Investors are repaid from the principal and interest cash flows collected from the underlying debt and redistributed through the capital structure of the new financing. Securities backed by mortgage receivables are called mortgage-backed securities (MBS), while those backed by other types of receivables are asset-backed securities (ABS).

When investing in alternatives, Voya prefers primarily private equity or private mezzanine funds that provide attractive yields in areas it feels have asymmetric risk. According to Simone, “We feel comfortable in mezzanine renewable energy funds, currently generating around 11%. People need power, and there has been a shift globally from fossil fuels to renewable energy.” He says infrastructure is a theme with alternative investing.

Russ Ivinjack, senior partner at Aon Hewitt Investment Consulting in Chicago, says insurers do position portfolios to meet their current needs or, if they are planning for a market pull back, they may move into the highest quality securities. A pullback can also be seen as a buying opportunity. “Generally, what we’re seeing is insurance companies continue to diversify portfolios with Treasuries trending downward. Asset-backed securities and real estate debt are among the investing opportunities to boost yield,” he says. Ivinjack adds that it’s not just in their general accounts that insurers are moving to different investments.

Still, he says that because of the lower yield environment, the performance of stable value funds and GICs will trend downward.

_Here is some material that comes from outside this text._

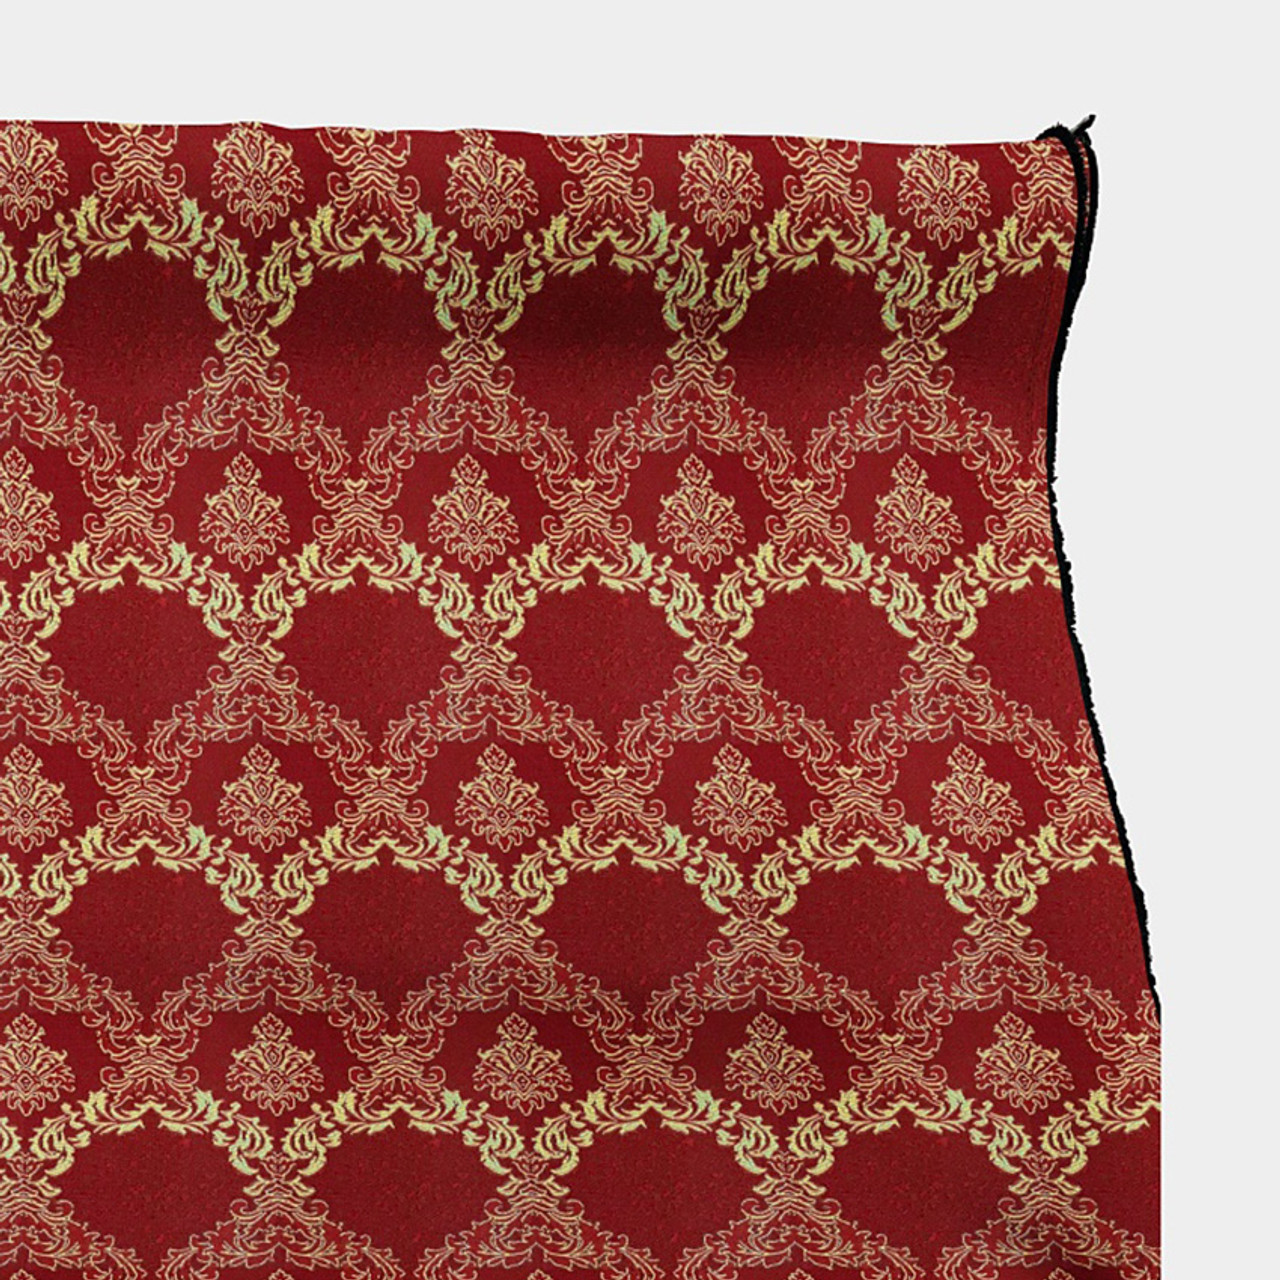 Flor del fabric - Red

Monitoring Insurer’s General Accounts

So, should retirement plan fiduciaries monitor insurer’s general accounts like they do other investments?

“Fortunately, insurance companies are rated by groups that make sure they are solvent,” Simone says. “And, there is protection in terms of the amount of capital they have to hold based on total assets they hold and risk.”

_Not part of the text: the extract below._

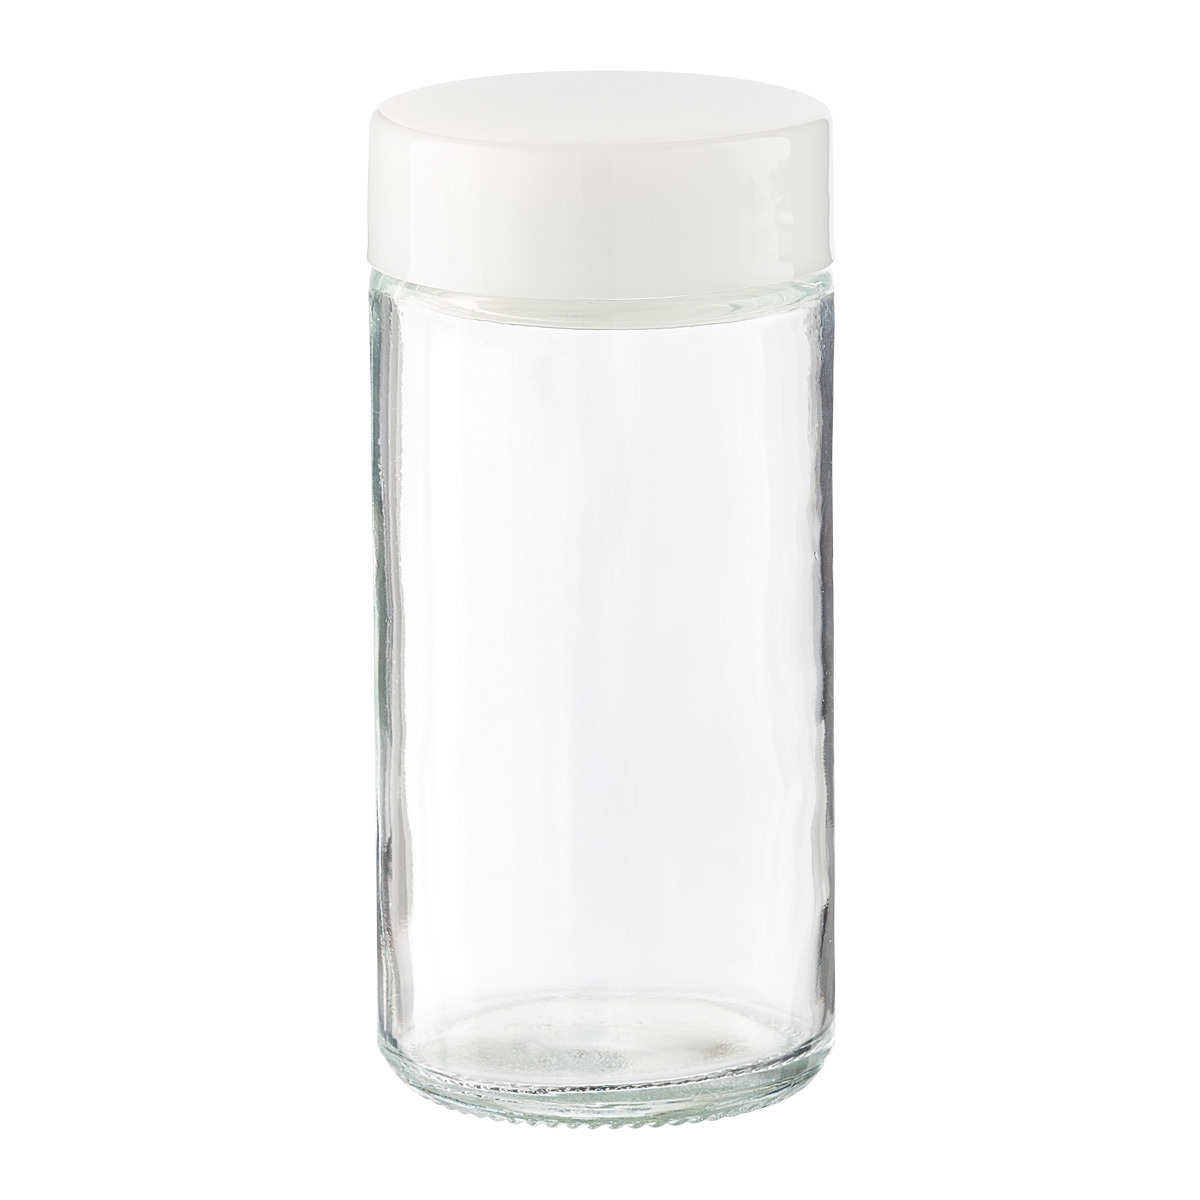 https://www.containerstore.com/catalogimages/433250/10085716_3_Oz_Spice_Bottle_With_Whit.jpg

Larry Steinberg, an investment adviser with Claraphi Advisory Network LLC, an SEC-registered investment adviser, and CIO of Financial Architects, based in Pasadena, California, says retirement plan fiduciaries are looking at the credit rating of the insurance company backing the investments in general accounts. And, as far as monitoring the investments backing annuities in qualified plans, he says that has not come up as an issue. “We are still seeing how annuities in qualified plans are going to work. Insurance companies are inventing products right now, and we’ll see what gains acceptance in the market,” Steinberg says.

However, Ivinjack says there are two things retirement plan fiduciaries should do. First, understand what capital preservation funds are investing in, asking whether assets are commingled with an insurance company’s general account or are kept in a separate account. Second, if they are exposed to an insurance company’s general account, look at the underlying credit quality of the insurance company.

He explains that, if the assets are separated, that fund is segmented for the sole purpose of paying investors in that fund and is not linked to the credit quality of the insurer. If plan fiduciaries are looking at a strategy where yields look much higher than peers, they should be concerned that could be too good to be true. “If yields are much higher, [plan fiduciaries] need to understand why,” Ivinjack says.

If yields are competitive for different capital preservation funds, retirement plan fiduciaries should compare what else is in the market, he adds.

“Most folks can bear a decent amount of volatility in equities, but in fixed income—the safety investment—everyone is concerned,” Ivinjack says.